Serotonergic and Noradrenergic Neurobiology of Alcoholic Suicide
Version of Record online: 3 MAY 2006
Alcoholism: Clinical and Experimental Research
Volume 28, Issue Supplement s1, pages 57S–69S, May 2004
How to Cite
Underwood, M. D., Mann, J. J. and Arango, V. (2004), Serotonergic and Noradrenergic Neurobiology of Alcoholic Suicide. Alcoholism: Clinical and Experimental Research, 28: 57S–69S. doi: 10.1097/01.ALC.0000127415.15000.CA
- Issue online: 3 MAY 2006
- Version of Record online: 3 MAY 2006
- Received for publication January 23, 2004; accepted February 4, 2004. This work was supported by grants AA09004, AA11293, MH40210, and MH62185.
- Quantitative Autoradiography;
- Prefrontal Cortex;
Abstract: Background: Alcoholism is associated with alterations in the serotonergic and noradrenergic systems. Alcoholics are at a significantly higher risk for suicide than the general population. Altered serotonin (5-HT) function is associated with suicide and serious suicide attempts. We hypothesized patterns of abnormality associated independently with suicide and with alcoholism.
Methods: Quantitative autoradiographic experiments were performed in human postmortem brain tissue sections from alcoholics, alcoholic-suicide decedents, nonalcoholic suicide decedents, and normal controls diagnosed by psychological autopsy.

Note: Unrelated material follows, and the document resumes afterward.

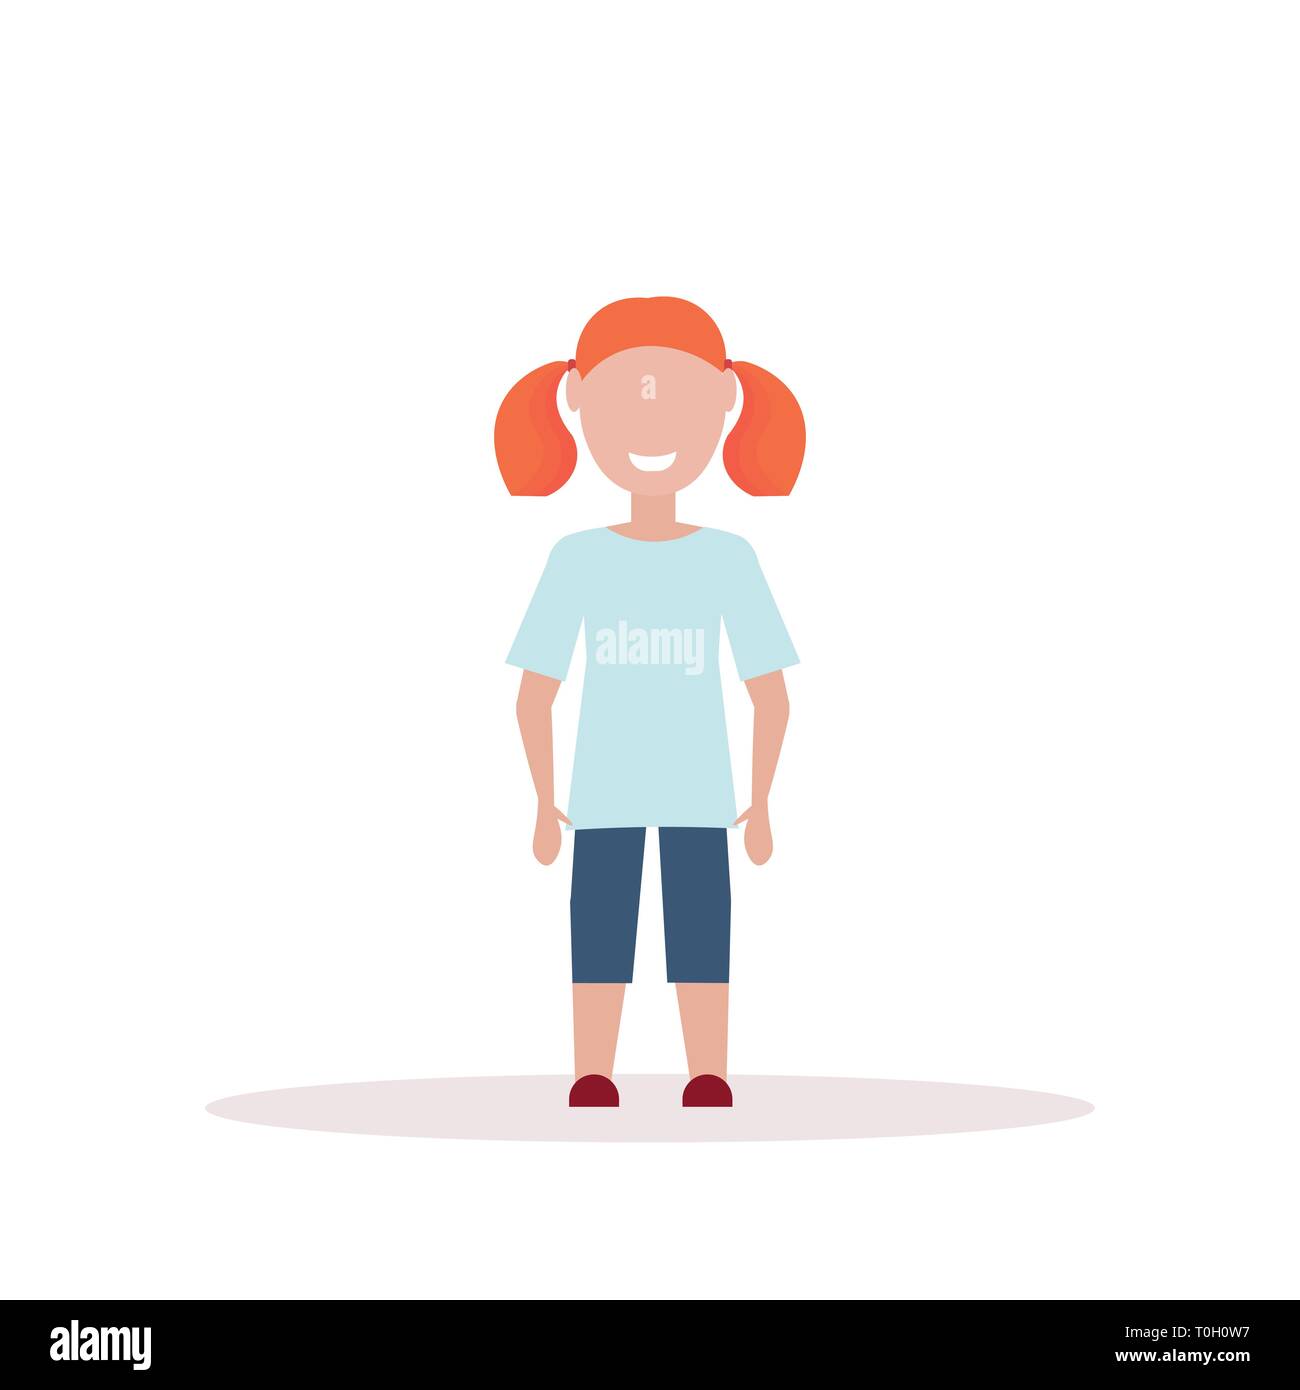 Heureux redhead girl présentent peu de personnage féminin enfant télévision pleine longueur fond blanc Illustration de Vecteur

Results: Binding to 5-HT1A receptors is lower in both alcoholic suicides and alcoholic nonsuicides, suggesting that this effect is related to alcoholism and not suicide. In nonalcoholic suicides, there is a localized increase in 5-HT1A binding in ventral prefrontal cortex, hypothesized to be a response to less serotonin input. Therefore, alcoholic suicides may fail to up-regulate ventral prefrontal 5-HT1A receptors in response to decreased serotonergic transmission, failing to mitigate the impact of less serotonin upon signal transduction and thereby increasing the risk of suicidal behavior. Binding to the serotonin transporter is low in alcoholic suicides but not in alcoholic nonsuicides, suggesting an association with suicide, as nonalcoholic suicides also have decreased binding compared with controls. Evidence of impaired serotonergic innervation associated with alcoholism is also manifested by less 5-HT1D terminal autoreceptor binding in alcoholics. Nonalcoholic suicides do not have lower 5-HT1D binding.
In the noradrenergic system, alcoholics (suicide and nonsuicide) and nonalcoholic suicide victims all have fewer pigmented locus ceruleus neurons compared with controls, yet β1-adrenergic binding is low in both alcoholic groups, whereas α1-and α2-adrenergic binding decreases are more pronounced in the alcoholic suicide group. These noradrenergic findings differ from those in nonalcoholic suicides, which have a common feature with alcoholics in having less α2-and β1-adrenergic binding but more α1-adrenergic binding in ventrolateral and orbital cortex.
Conclusion: Extensive but different abnormalities in both the serotonergic and noradrenergic systems have been identified in alcoholics and suicides, suggesting two separate patterns: one related to alcoholism and the other related to suicide. The different patterns suggest different causes and homeostatic responses for alcoholism and suicide.